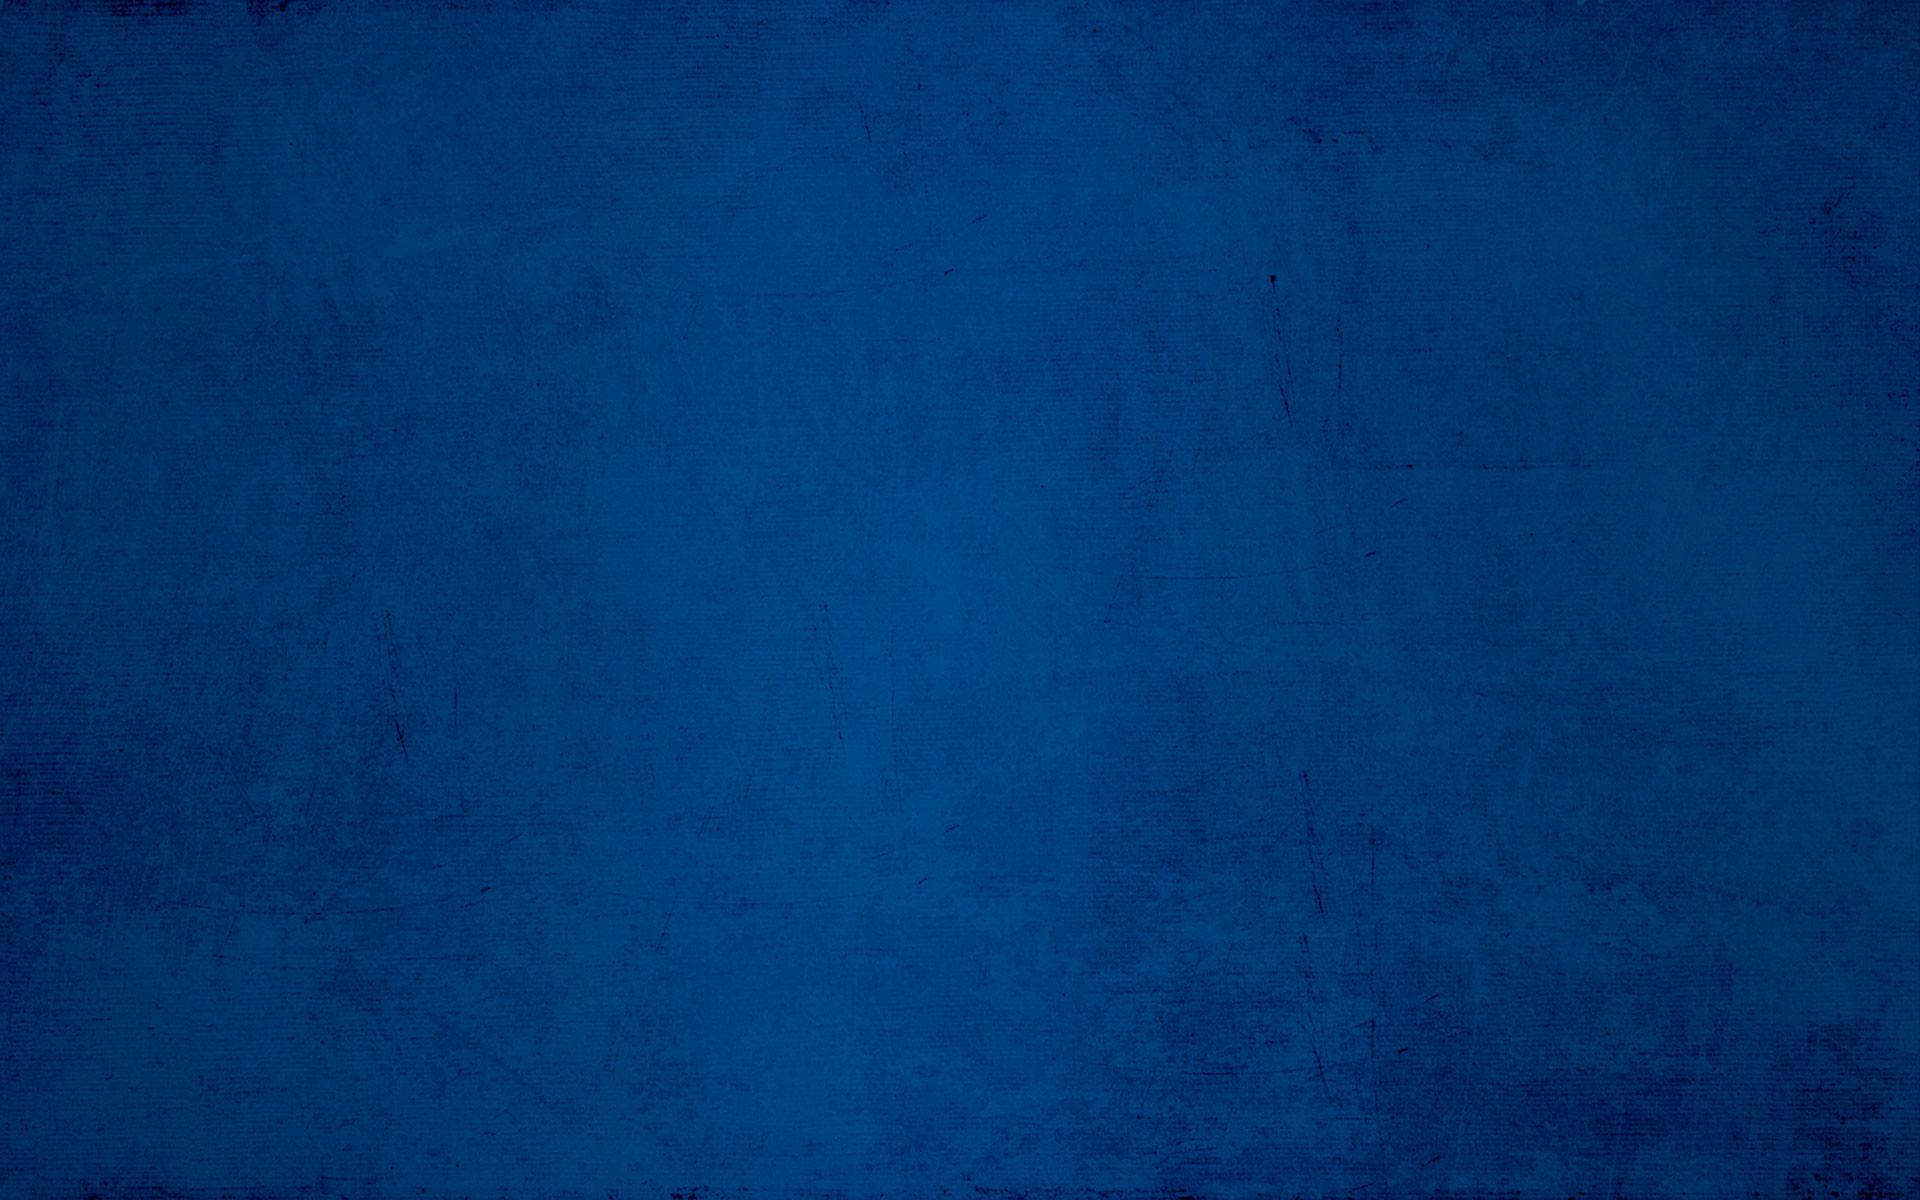 Textura fondo azul - 1920x1200
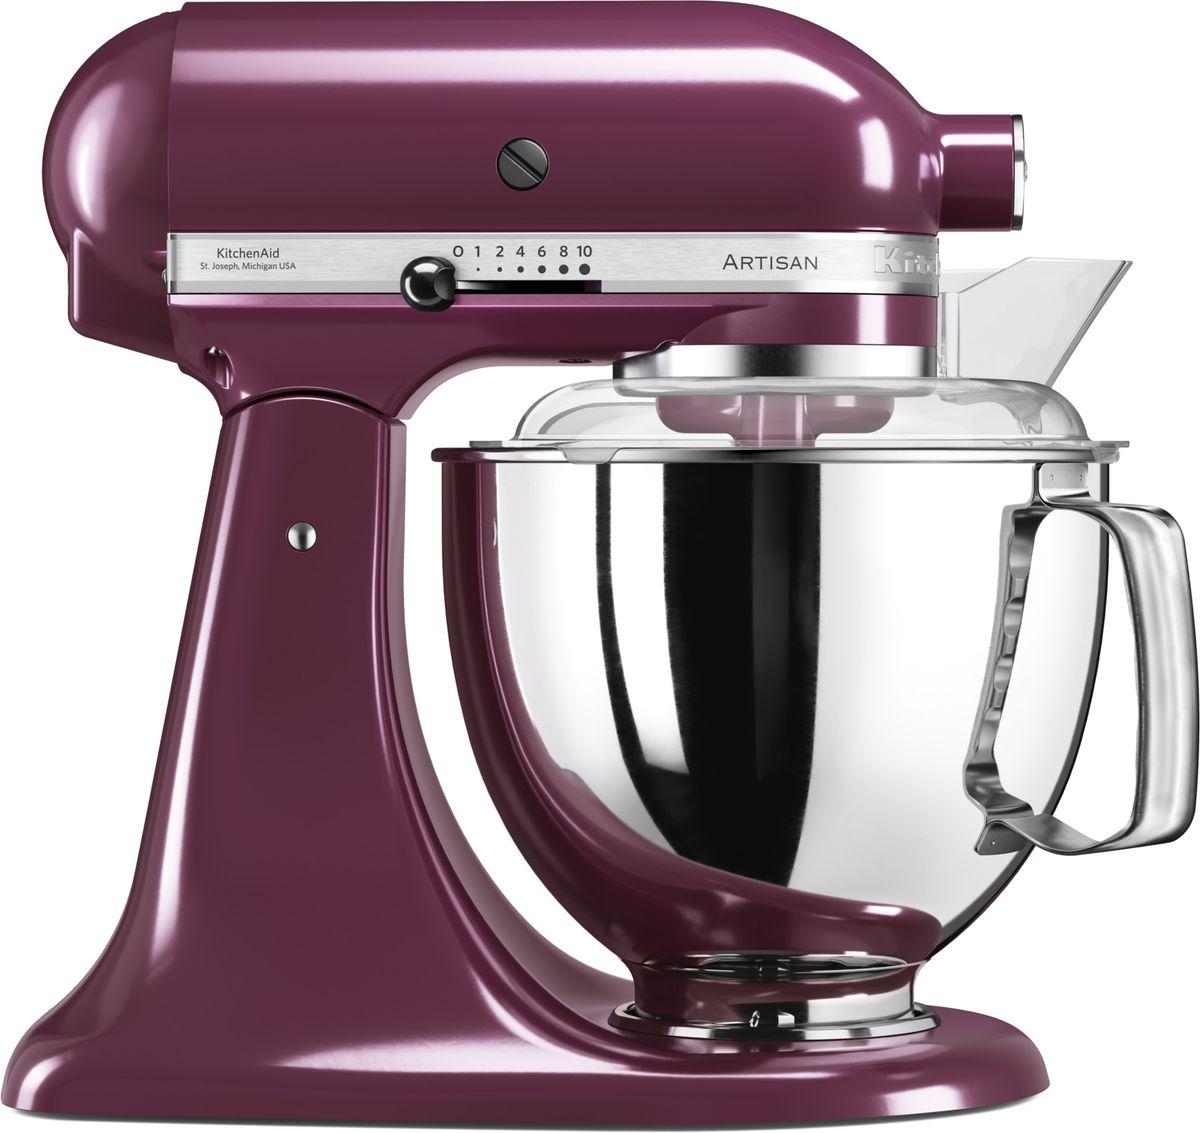 KitchenAid Artisan, Purple миксер планетарный (5KSM175PSEBY)5KSM175PSEBYМиксер KitchenAid Artisan - это уникальное многофункциональное устройство, практически не имеющее аналогов на рынке техники для дома и кухни. Сочетание классического элегантного дизайна и высокой мощности, соответствующей стандартам профессионального оборудования, делает этот миксер фаворитом не только на домашней кухне, но и на рабочем столе мастеров поварского искусства. Откидывающаяся головка миксера KitchenAid Artisan позволяет легко менять насадки и устанавливать чашу. Миксер имеет 10 скоростных режимов, от медленного смешивания до высокоскоростного взбивания. Базовая комплектация миксера включает: чашу объемом 4,83 литра, крюк для теста, венчик для взбивания, насадку- лопатку для перемешивания, крышку для чаши и защитный обод с воронкой для засыпания продуктов. Этого набора достаточно, чтобы миксер успешно выполнял базовые функции. В передней части привода миксера KitchenAid имеется еще одно гнездо для подсоединения дополнительных насадок....
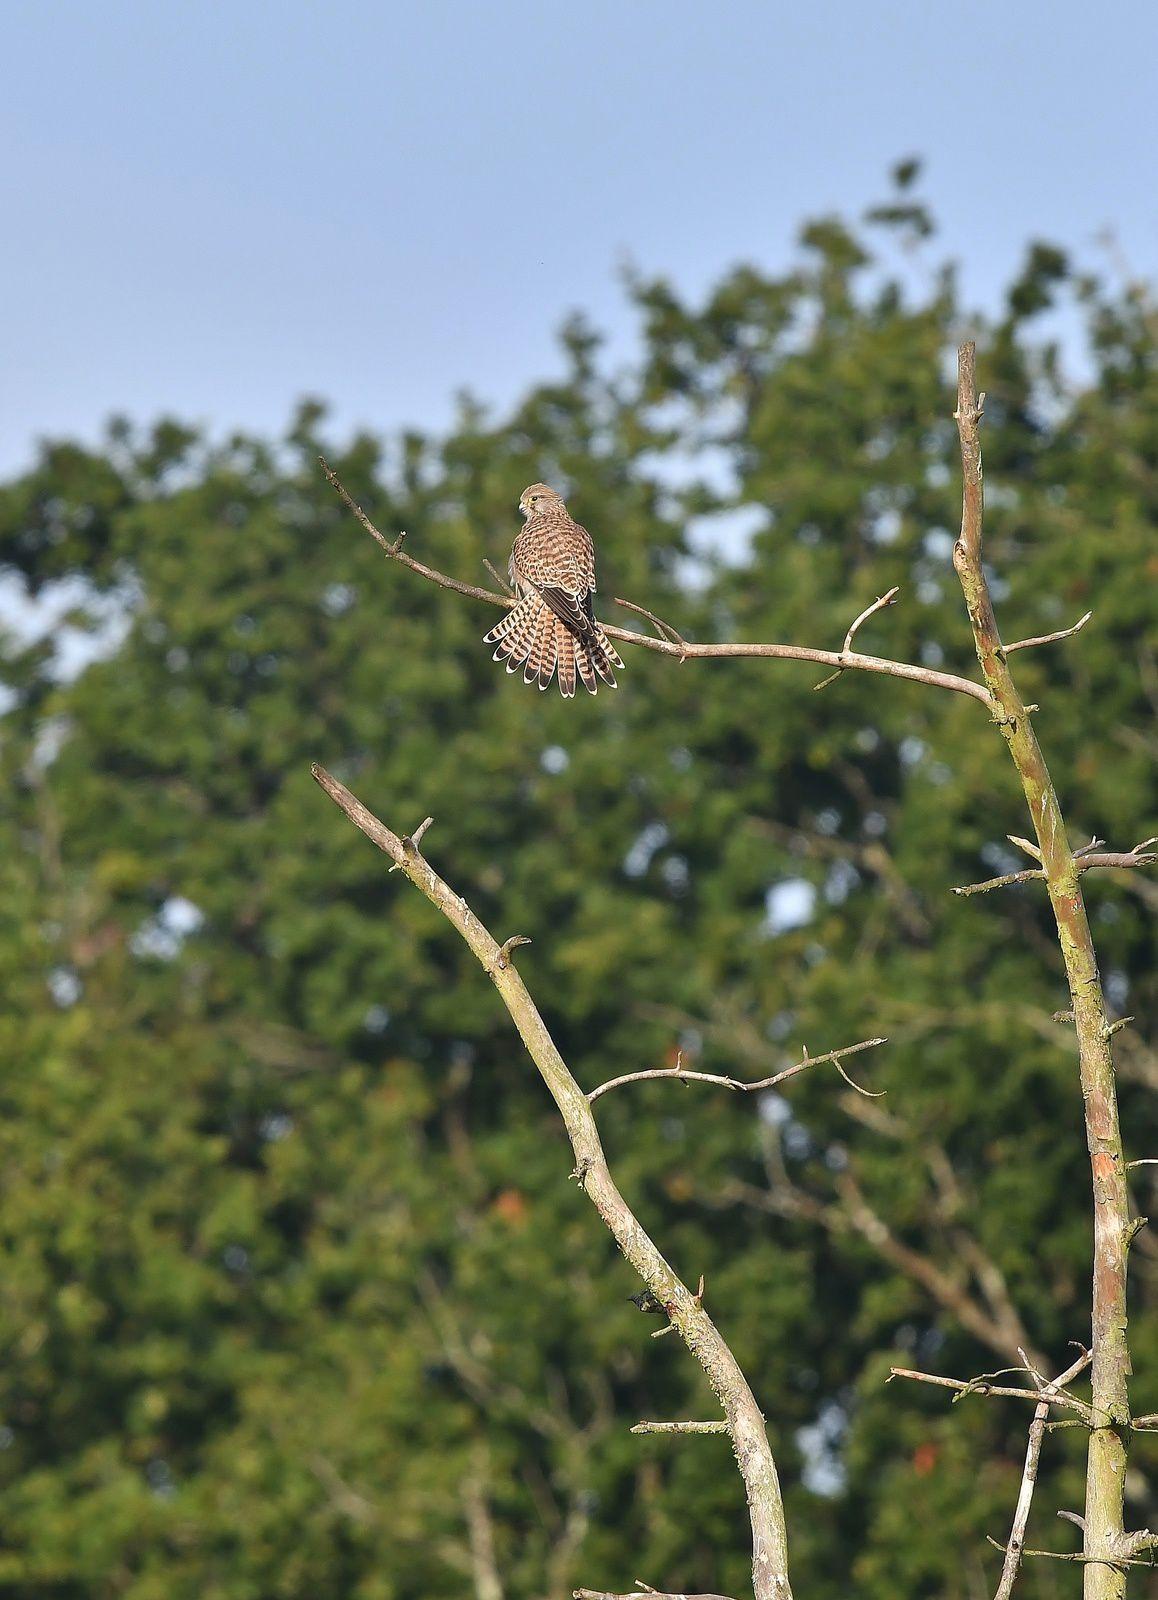 Faucon crécerelle (Falco tinnunculus).

= = = = =

EXERCISE AIM » Make an exact copy of the listing. Do not carry over its pictures.

RESULT OF THE EXERCISE »
 Textura fondo azul - 1920x1200
 KitchenAid Artisan, Purple миксер планетарный (5KSM175PSEBY)5KSM175PSEBYМиксер KitchenAid Artisan - это уникальное многофункциональное устройство, практически не имеющее аналогов на рынке техники для дома и кухни. Сочетание классического элегантного дизайна и высокой мощности, соответствующей стандартам профессионального оборудования, делает этот миксер фаворитом не только на домашней кухне, но и на рабочем столе мастеров поварского искусства. Откидывающаяся головка миксера KitchenAid Artisan позволяет легко менять насадки и устанавливать чашу. Миксер имеет 10 скоростных режимов, от медленного смешивания до высокоскоростного взбивания. Базовая комплектация миксера включает: чашу объемом 4,83 литра, крюк для теста, венчик для взбивания, насадку- лопатку для перемешивания, крышку для чаши и защитный обод с воронкой для засыпания продуктов. Этого набора достаточно, чтобы миксер успешно выполнял базовые функции. В передней части привода миксера KitchenAid имеется еще одно гнездо для подсоединения дополнительных насадок....
 Faucon crécerelle (Falco tinnunculus).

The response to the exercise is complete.